Create better financial incentives. Once publicly reported, quality measures may be used in pay-for-performance programs that would reward hospitals that best manage capacity challenges by minimizing boarding.
A new CMS clinical quality measure on boarding is finally in the works, but it’s not yet approved. For a limited time (until February 16, 2024), the public can comment on this proposed measure and provide input. Typically, only parties invested in ignoring the problem comment. I’m asking you to change that:
ER physicians/nurses/staff: Look at the proposed metrics to track boarding, and provide any input you have here. These are metrics that hospitals would be required to report if the CMS measure is approved.

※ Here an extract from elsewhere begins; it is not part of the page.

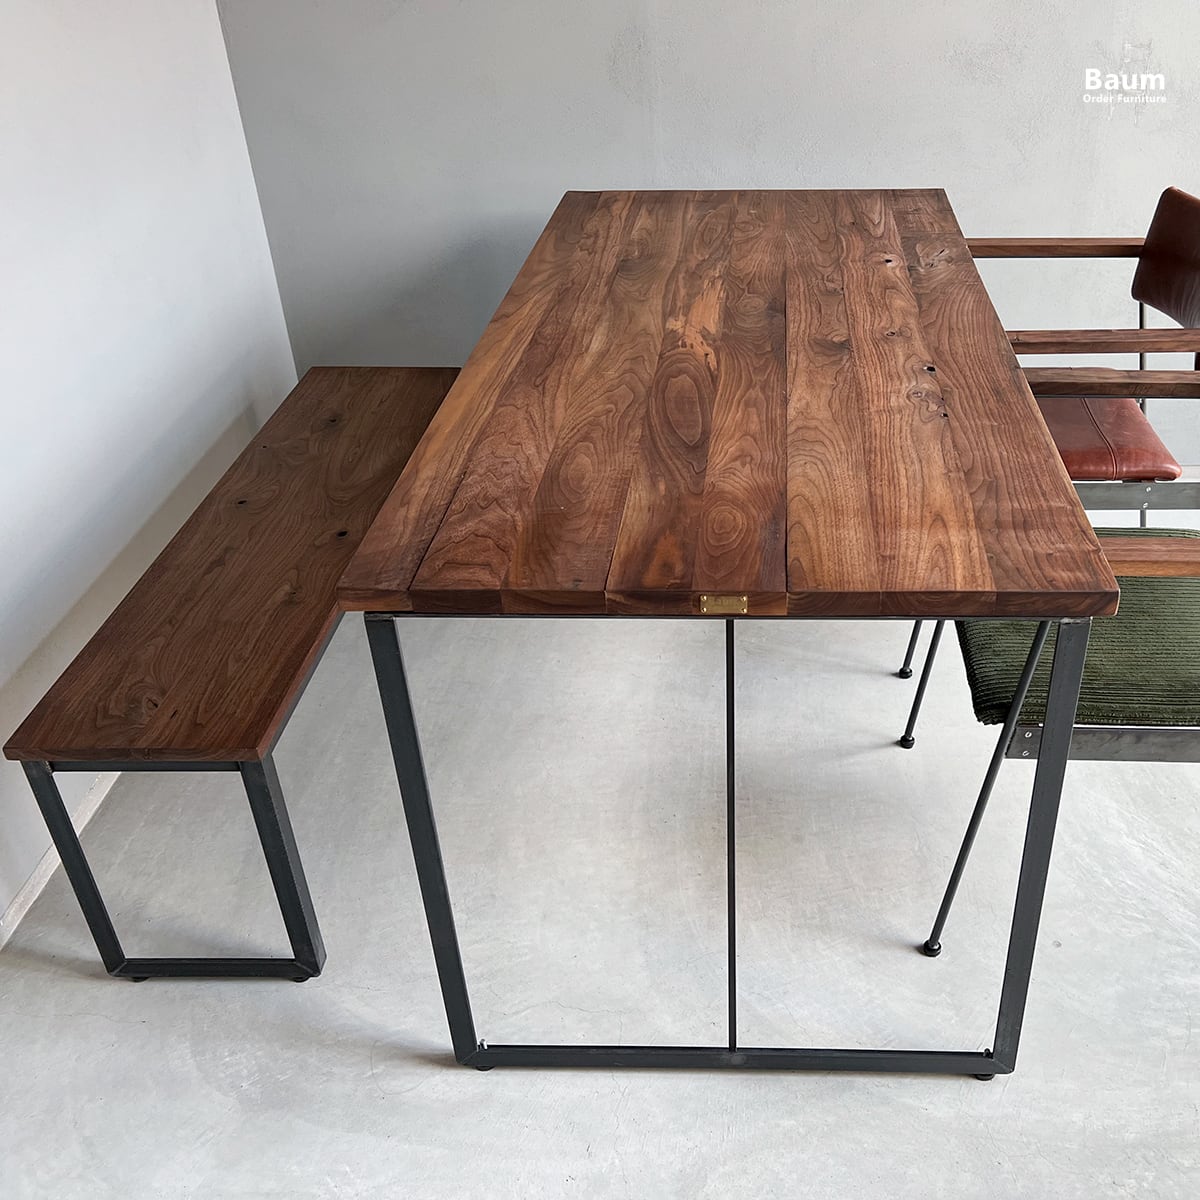 テーブル天板 足場板 古材 カフェ用天板 サイズ変更可能-

Everyone else: If you don’t have the time or experience to comment on the specific metrics, then go to the second page of the survey, and tell your stories about ER boarding. Thousands of responses from all of you will show CMS this is a giant problem that needs to be fixed.
Bottom line
Emergency rooms are the only place in the U.S. healthcare system that will never turn a patient away. And we don’t want them to. But a backlogged ER is the canary in the coal mine—our inadequate healthcare infrastructure showing its massive cracks. It is unsafe, and we must fix this.
Love, KP and YLE
Kristen Panthagani, MD, PhD is an emergency medicine physician at Yale. In her free time, she is the creator of the medical blog You Can Know Things. You can subscribe to her newsletter here.
“Your Local Epidemiologist (YLE)” is written by Dr. Katelyn Jetelina, M.P.H. Ph.D.—an epidemiologist, wife, and mom of two little girls. During the day, she is a senior scientific consultant to several organizations, including CDC. At night, she writes this newsletter. Her main goal is to “translate” the ever-evolving public health world so that people will be well-equipped to make evidence-based decisions. This newsletter is free, thanks to the generous support of fellow YLE community members. To support this effort, subscribe below:
Your excellent exposé about acutely overcrowded emergency rooms leaves out another, significant, contributing etiology: a chronic, severe shortage of psychiatric hospital beds and other, less-intensive mental health treatment resources that could and ought to accept and treat patients. Psychiatric treatment has long been woefully underfunded: non-government hospitals lose money on psychiatric inpatient care, and tight government budgets (coinciding with an unwillingness to increase revenues) translate into insufficient state (or other) government-run hospitals. In Vermont, my home state, hospitals are small; yet at any time, up to a dozen psychiatric patients end up being boarded in ERs for up to weeks at a time. Over the years, community hospital ERs have created quasi-psych units for these patients, but these rely on ER staffs, with occasional psych consultations, to provide oversight for these patients. Until third party payers, governments, and society at large appreciate that dollars up front for psychiatric care translate into substantial financial savings (not to mentioned improved psychiatric and general medical well-being), this problem is only going to get worse.
As a retired physician I am very familiar with the problems you cite. There is one simple fix that would make an immediate difference: moving to fully staffed 7 days a week hospital and outpatient services. It makes no sense that expensive hospital facilities like OR’s, cath labs, and endoscopy suites sit idle on weekends while patients are parked in scarce hospital beds awaiting their procedures. It is equally absurd that large primary care and multispecialty practices limit weekend outpatient services, forcing patients into urgent care centers and ER’s. The logistic challenges and costs are real but not insurmountable, and the resulting efficiencies will translate into lower expenses, higher profits, better outcomes and greater patient satisfaction. Walmart manages to keep its stores fully open all year round. Why can’t Humana, Sentara, HCA, Kaiser-Permanente and the VA do the same?